I have 34,144 photos on my camera roll. Usually, when I tell this number to people, I’m met with the same shocked reactions and questions, all centering around why I would even need this amount of photos and how I manage to still have space on my phone for anything else (I don’t, my storage is almost always full). Whenever I do try to clear my camera roll, I find myself staring at the screenshots and slightly blurry photos that should, by all accounts, be easy for me to delete, but for some reason, I’m unable to let go.
As I grew up surrounded by phones and social media, it always felt like second nature to document my daily adventures, even if it was just for myself. My older family members often made fun of me for being a “typical teenager” of the new generation, challenging me to see if I could live without my phone. I was deemed the go-to person for selfie-taking and vanity. This personal pastime of mine had somehow become an avenue for external judgment. I became conscious of asking people to take too many photos; I didn’t want to come across as annoying or shallow.

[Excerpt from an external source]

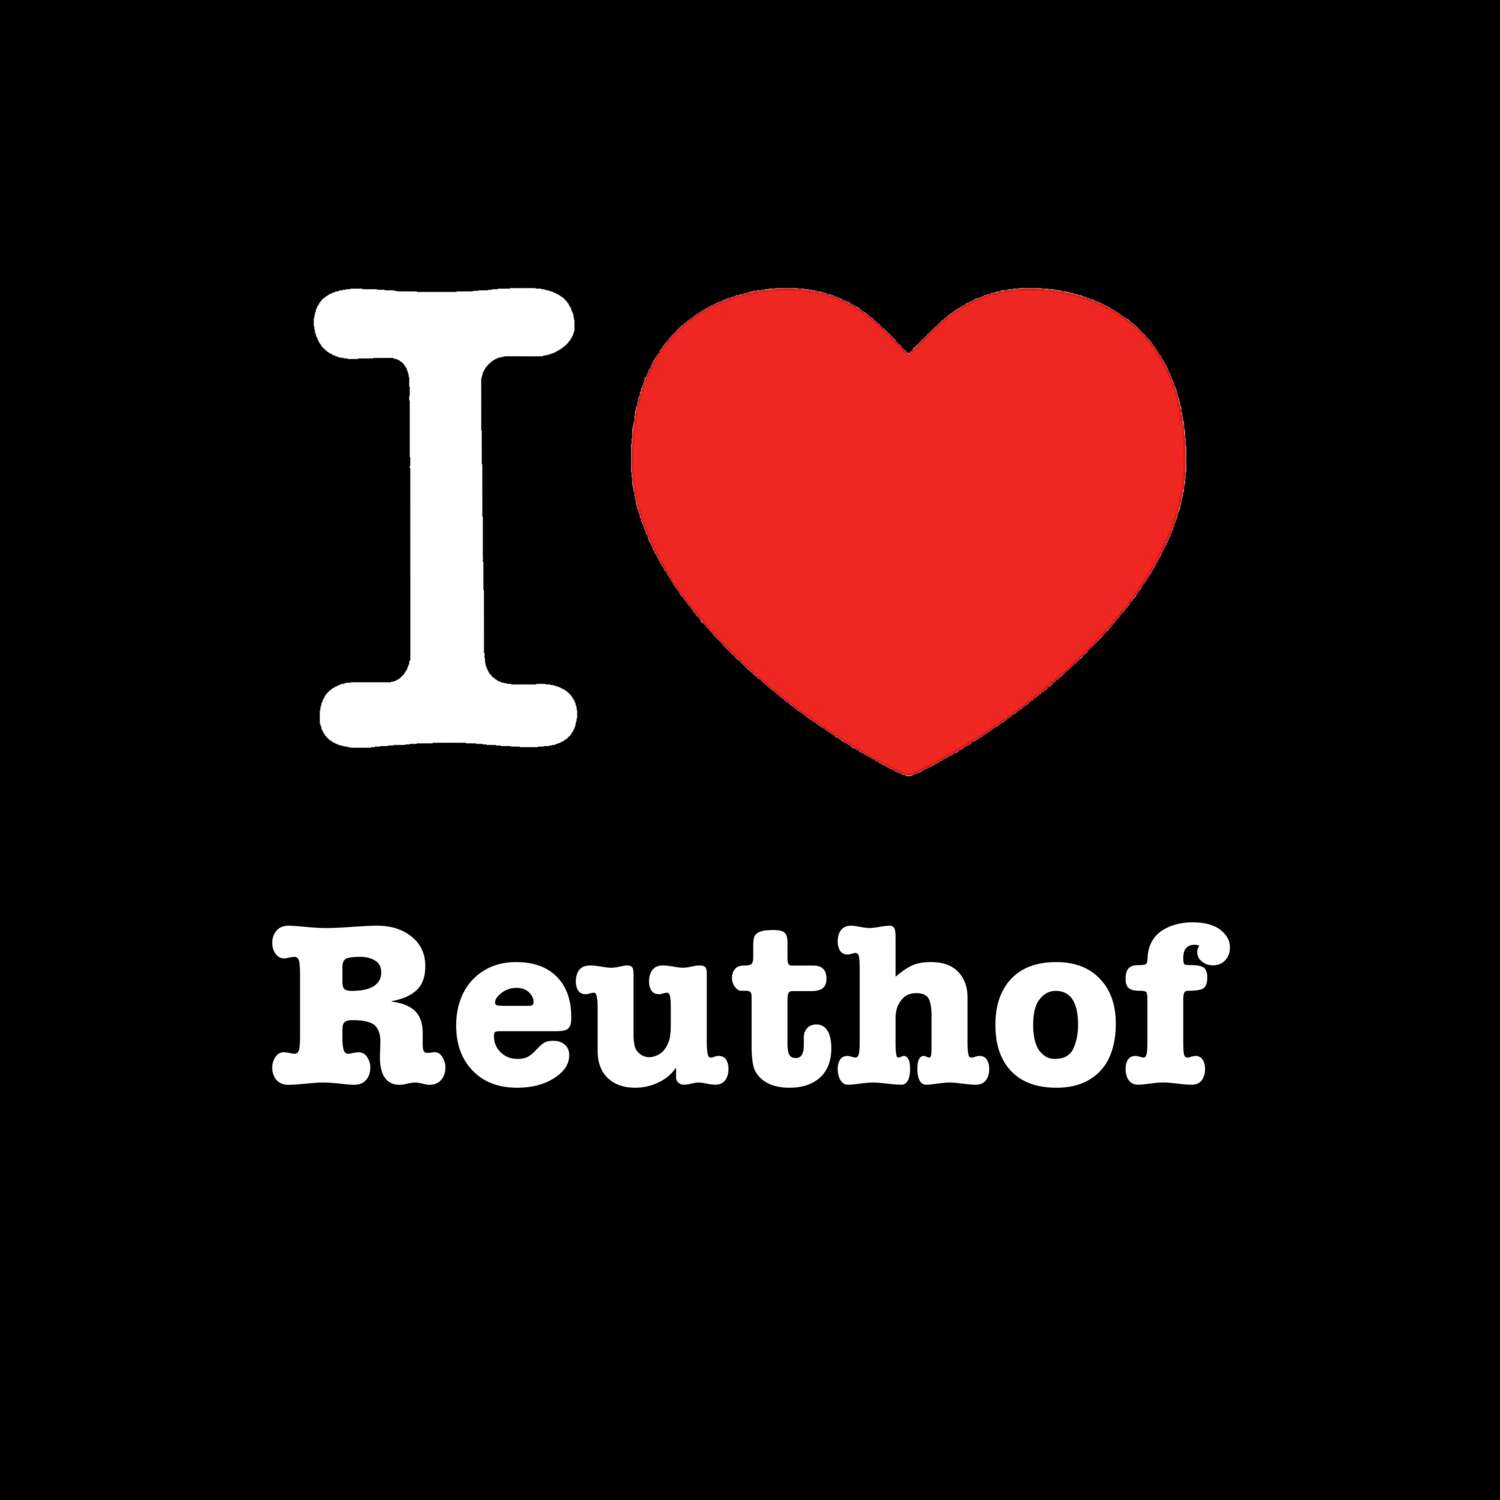 Reuthof T-Shirt »I love«

But when the pandemic hit in March of 2020, I, just like everyone else, longed for the past, the days of normalcy, of a COVID-19-free life. I found myself increasingly spending time on my phone, watching old videos I’d taken of concerts, of big family dinners, of a sunny day on the Glade, and I scrolled through endless selfies, beach sunsets and terrible pictures of friends. It became a new form of communication and connection for me as I sent these fond memories to friends and family. The same pictures that once seemed so excessive were now a welcome escape from the current reality, and I began to think about why exactly there was so much scrutiny around taking lots of pictures or selfies. What does being “in the moment” really mean?

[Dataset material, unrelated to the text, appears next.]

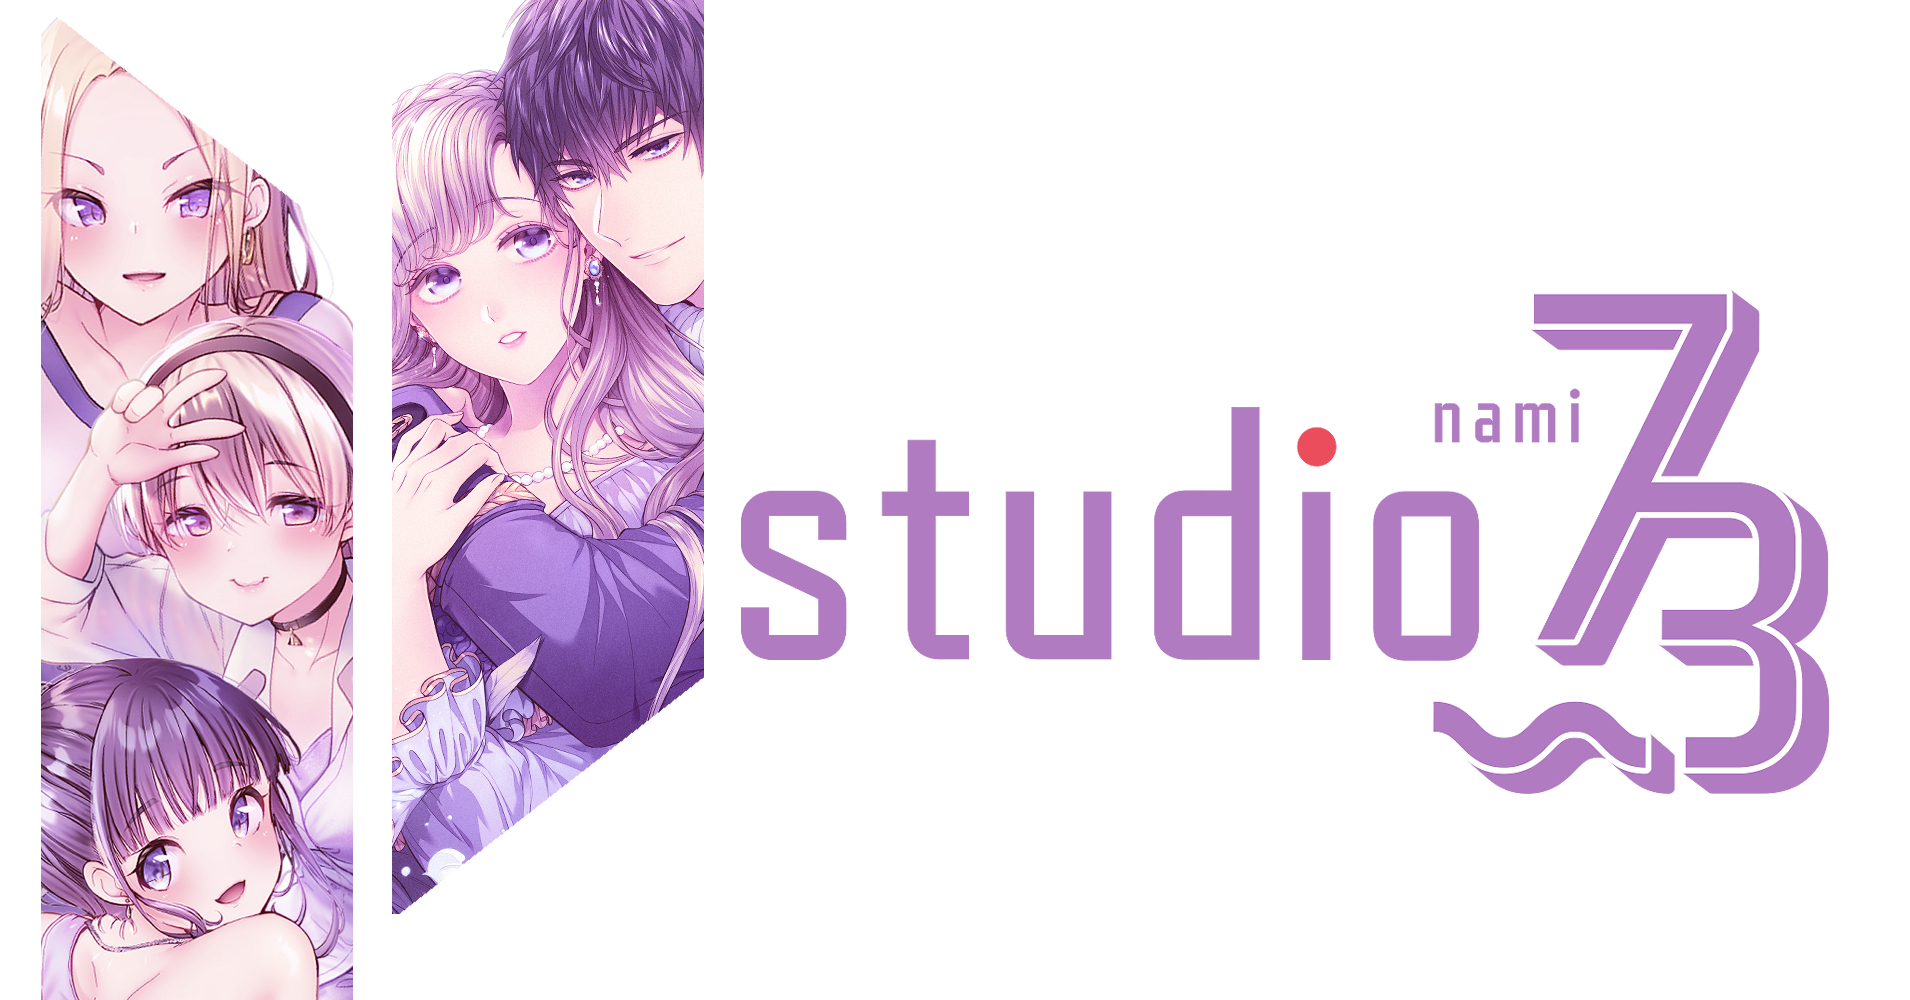 2022年3月にWebtoon制作スタジオ「studio73」を設立いたしました。

While it is true that social media is often associated with rising rates of anxiety and depression among users, I don’t think that we should dismiss the potential power that photo-sharing and online communities can have on happiness. I’m not saying that in order to truly enjoy a moment, we need to take a picture or use our phone, but we shouldn’t hate on the people who do choose to document a certain time in their life. Many recent studies show that documenting everyday experiences can bring us unexpected joy in the future. It might make us all just a little bit happier if we allowed ourselves to shed our inhibitions and take a photo or two in hopes of remembering whatever occasion, big or small.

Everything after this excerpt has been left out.